When to take thread dumps ?
How to take thread dumps ?
What is inside a thread dumps ?
What to look for in a thread dump?
Majority of the systems today are mutlicore and hyper-threaded. Threading at the software level allows us to take advantage of a system’s mutlicores to achieve the desired pace and efficiency of the application operations. Along with pace and efficiency, multi-threading brings its own set of problems w.r.t thread contentions, thread racing, high CPU usage etc. In this write up we will see how to debug these problems by taking thread dumps on java applications.
What are thread dumps ?
A thread dump is a runtime state of a program at a particular point in time. It can also be looked at as a snapshot of all the threads that are alive on the JVM. In a mutli-threaded java application there can be 100’s of threads. Although mutli-threading improves the efficiency of an application, it makes it complex to know what is happening at a given point in the application. This is where thread dumps come in handy, which gives us a textual representation of all the thread stacks of all the threads in the application.
When to take thread dumps ?
Thread dumps can be helpful in the scenarios like: – you want to know the state of application. – you want to know if all the threads from the assigned thread pool are used and are doing work. – when you are seeing high CPU and want to see which current running threads are causing high cpu. – when you are seeing unusual slowness in the application. – with certain jvm parameters, jvm takes auto thread dumps if jvm crashes to help debugging the crash.

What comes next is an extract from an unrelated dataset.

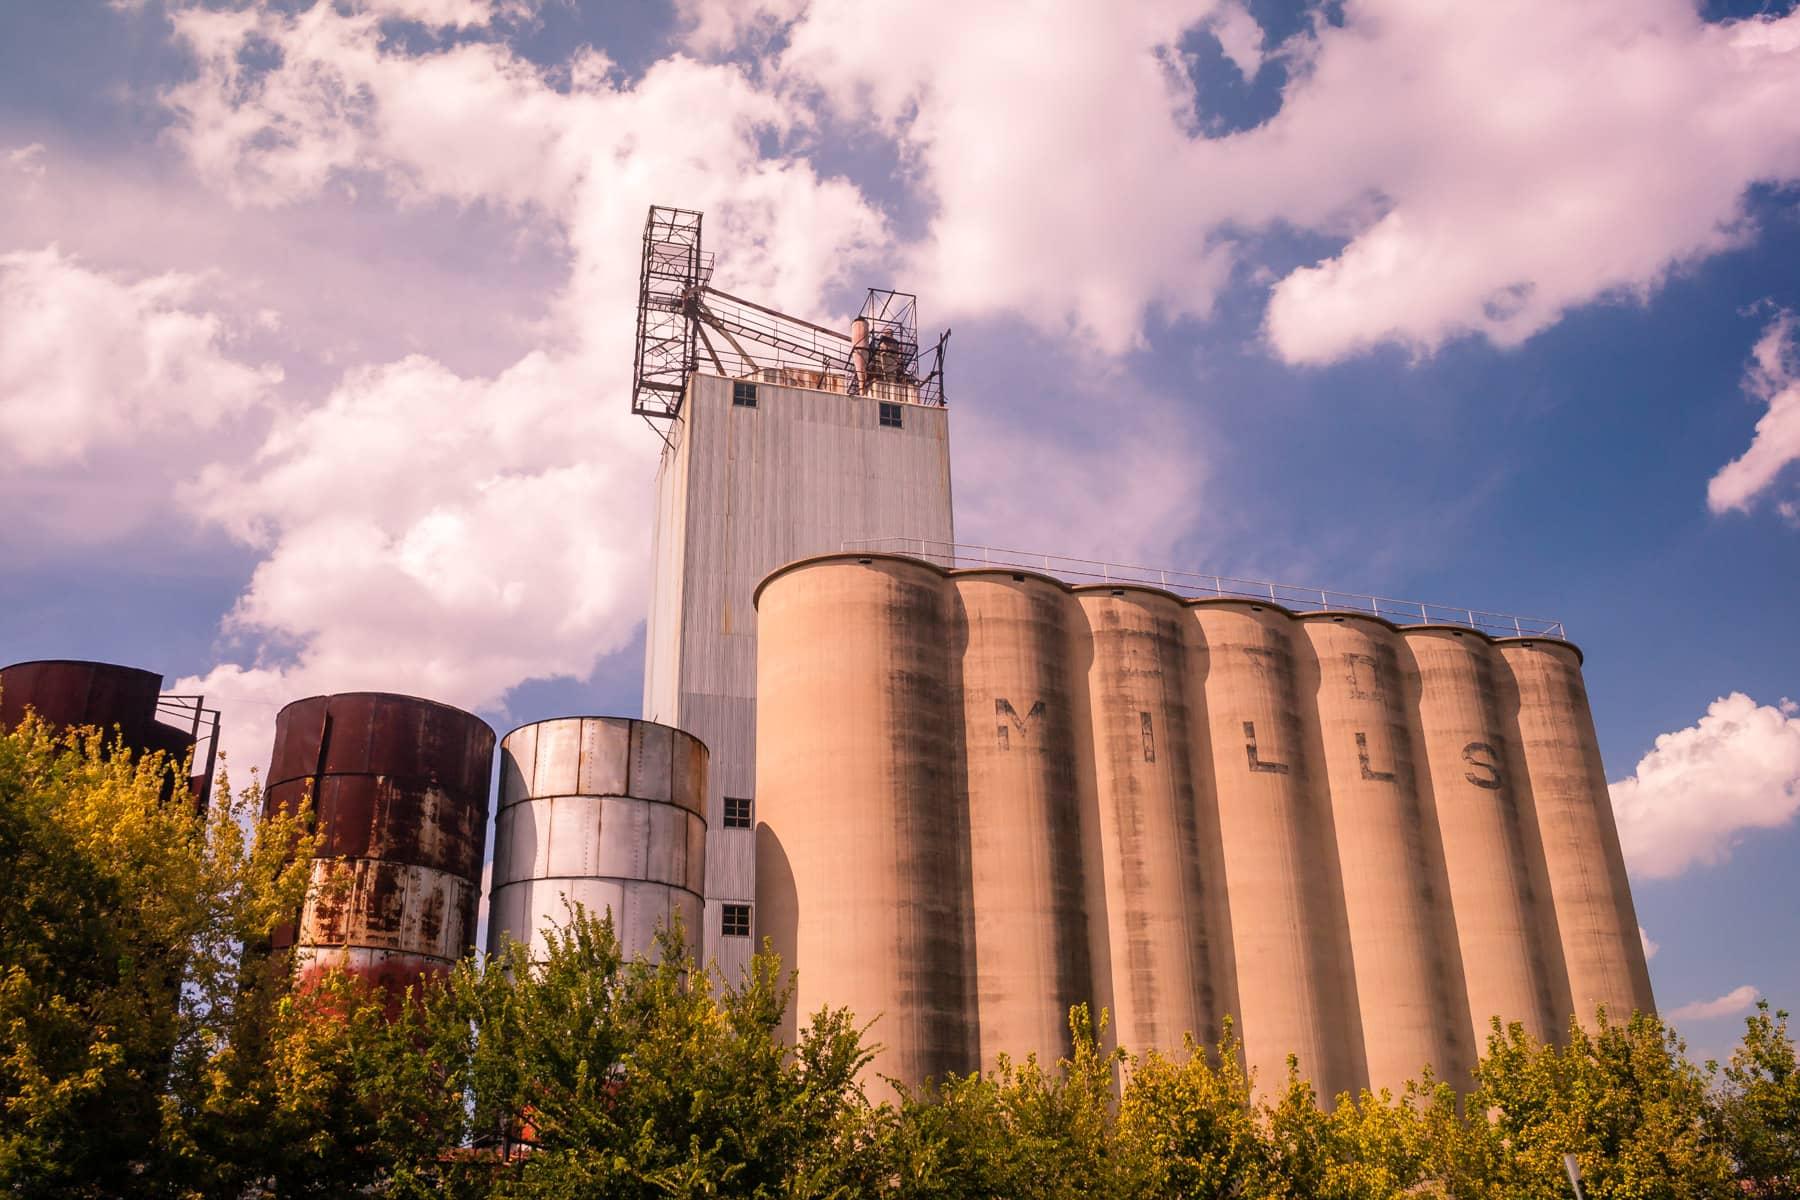 Grain silos rise into the cloudy sky in Grapevine, Texas.

How to take thread dumps ?
Two easy ways of taking thread dumps are using jstack or with kill -3 command.
It is best to take a bunch of thread dumps with a slight time gap to better analyse the application. If you use jstack, you could take 10thread dumps with 10seconds sleep time between each, using below shell command. Note: replace <pid> with your process id in below command.
There is enough content available online on these. So I will link them below. – Oracle documentation on jstack link – Redhat knowledge base link – Tutorial point link – Multiple other ways link – If you are using kill -3, note that thread dumps will go to system out of JVM – link
What is inside a thread dump ?
Now that we are done with boilerplate sections, lets see the main part. When you open a thread dump, you generally see three kinds of threads. JVM threads(some), Application threads(many) and Heap/GC threads(few). Snippets of these threads are shown below.
Elements in a single thread stack:
For debugging an application, Application threads are our area of interest. When inspecting a single Application thread, it has below parts in it.
1 – Thread name, obvious and straight forward . 2 – Number id of thread. This will get incremented everytime there is a new thread created for that thread pool. 3 – JVM priority. This number signifies the priority of the thread in JVM. Java exposes api for setting thread priority. 4 – Priority of a thread on the operating system. 5 – Thread id for the thread in the memory 6 – Native thread id assigned to JVM by OS. This is important of correlating JVM threads with OS threads. 7 – This is optional seen only when the thread is waiting on some condition. May not be always. 8 – Thread state. In my opinion, this is overrated and generally over-analyzed. Reflect the current state of the thread. 9 – Thread call stack. Reads bottom-up. Gives the stack of thread.
States of a thread:
This is element  in the above highlighted breakdown. Below are the different states that a thread might be in.
RUNNABLE – This is the thread which is running on CPU and actively executing code.
WAITING – A threads in this state will wait indefinitely unless some other thread wakes it up. Some examples are threads which are waiting on IO or threads waiting for data to be returned from DB.
TIMED_WAITING – Similar to waiting but the thread will wake up after a specific period of time. Storm Spout threads which wake up every few seconds are a good example.
BLOCKED – Threads waiting to acquire a monitor lock. In Java, blocks of code can be marked as “synchronized”, so when a thread acquires a monitor lock, other threads will wait in this state, until the monitor is available.
NEW & TERMINATED – these states are rarely seen and are of least interest.
What to look for in a thread dump?
Now that we know most part of what can be found in a thread dump, lets see what we should be looking at for analysis.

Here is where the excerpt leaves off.